Theatre of the Long Now World Theatre Day 2011

To mark this year’s World Theatre Day (March 27) I want to blend two very true things:
Theatre is an organic byproduct to the human experience on this earth
This earth is very old and still going
There is a rather mind-blowingly cool organization based in San Francisco called The Long Now Foundation. Started in 1996 (or 01996 as they would write it), the Long Now folks hope “to creatively foster long-term thinking and responsibility in the framework of the next 10,000 years.” And “to provide counterpoint to today’s ‘faster/cheaper’ mind set and promote ‘slower/better’ thinking.”
I thought… where does theatre live in The Long Now?
Stewart Brand, in his book The Clock of The Long Now, shows us this diagram of the timing of various cosmic currents.
copyright The Long Now Foundation.
Nature time is slowest — fashion/art (although I might correct this to be ‘pop art’) time is fastest. And where is Culture? Right next to Nature. Because Culture is made up of the longest-lived stories, art, religion, language, and history of a people — it’s fiction and it’s fact. Culture is a slow, patient, exhaustive, lasting human force that examines, defines, propels and deepens the life of us all.
This is where theatre lives. We are still watching the plays of thousands of years ago — we are making the plays that will be watched thousands of years from today. In fact, one of The Long Now’s tenants is to “mind mythic depth” — which is certainly what those Greeks were doing at their Theatre of Dionysus.
Theatre is not built for trend — though the good plays usually sync up with the zeitgeist. Theatre aims to make things that last. And as much incredible storytelling is going on in TV these days — TV is a fast medium, a medium that most likely inspires “ooh what’s next!” as opposed to “what does this mean for all of us in the Now?”
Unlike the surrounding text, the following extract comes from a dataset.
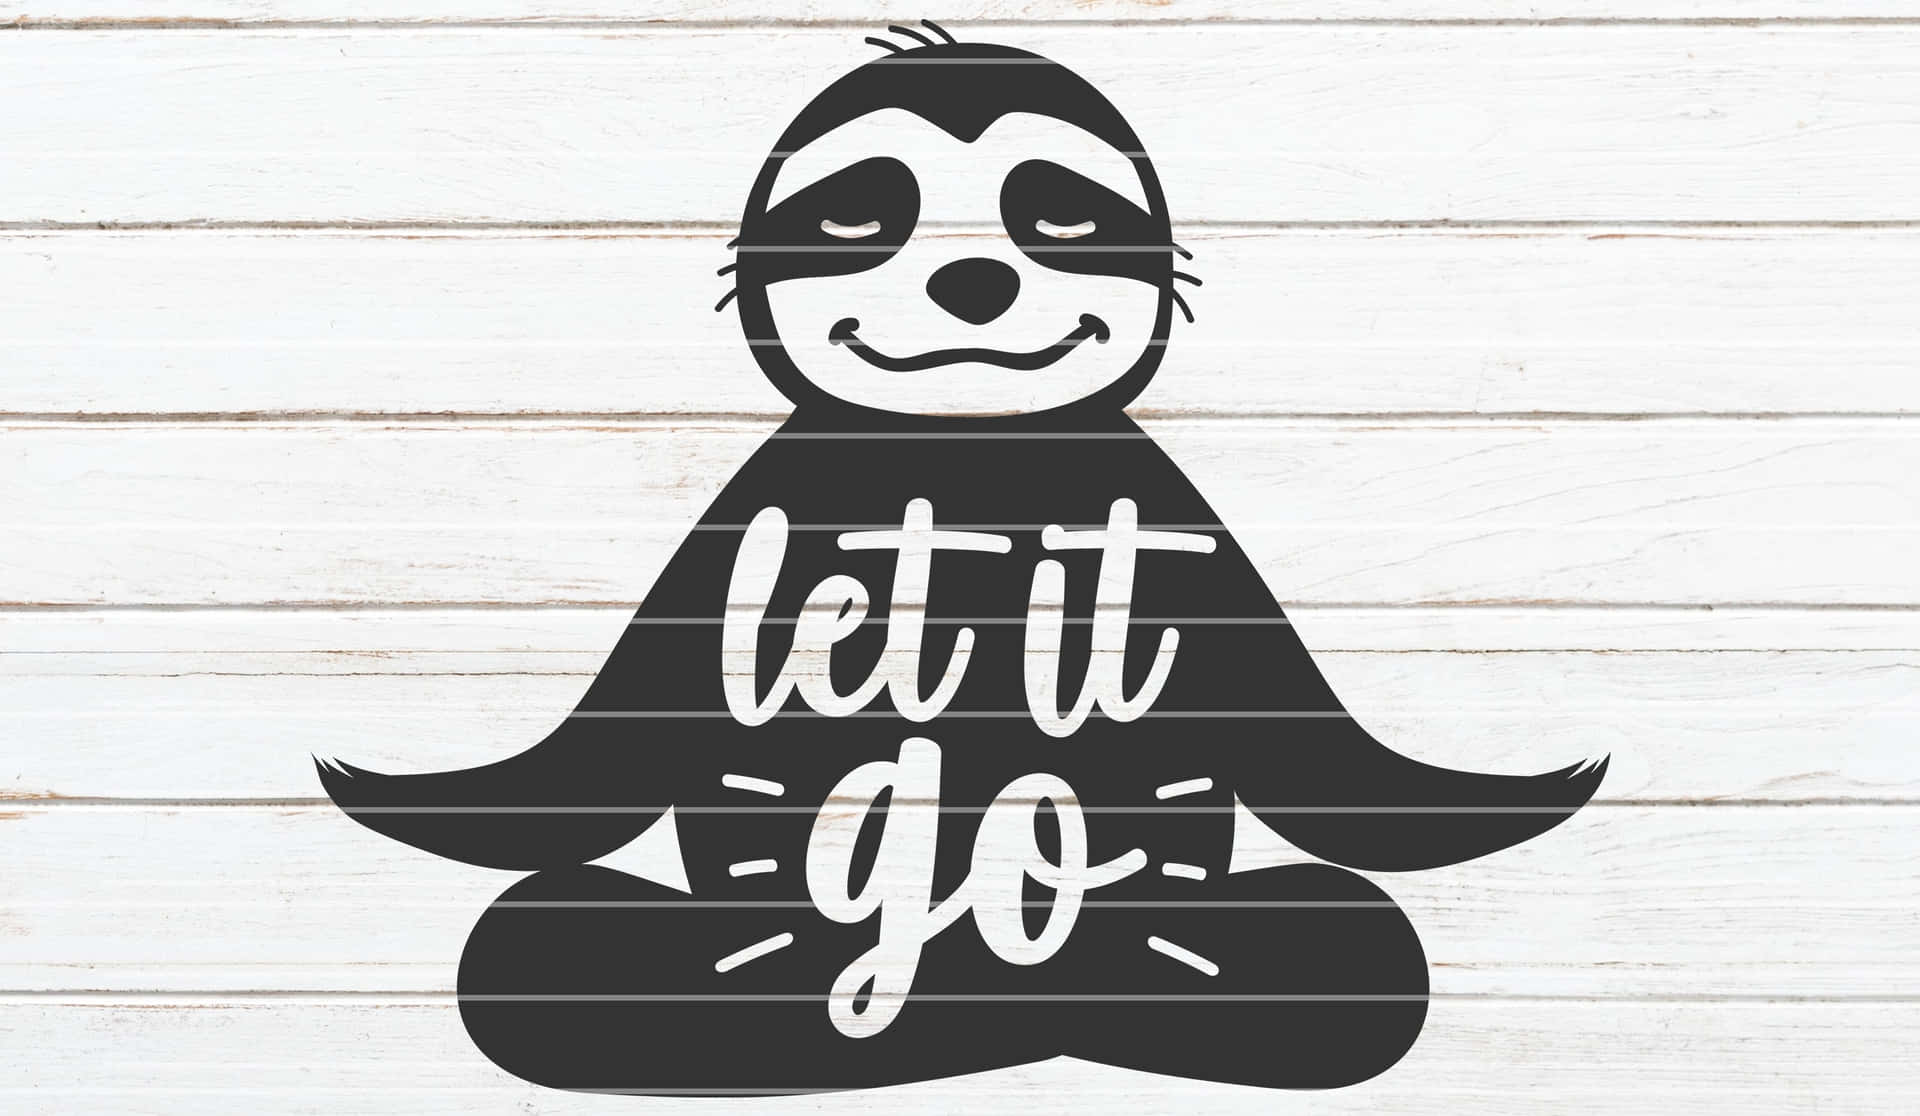 Let It Go Sloth Wallpaper

TV and Theatre aren’t competing for dramatic prowess, of course (unless it’s raining on a Friday and popcorn plus a rerun of Battlestar overpowers your desire to get out the door – I’ve been there my friends.) They do different things (and some of the same things), and at their best do them to astonishing impact.
What distinguishes Theatre most is its rebreathing. A movie is replayed (sometimes remade), a TV show is re-watched (sometimes remade), but a play is rebreathed with the simplest technology — people.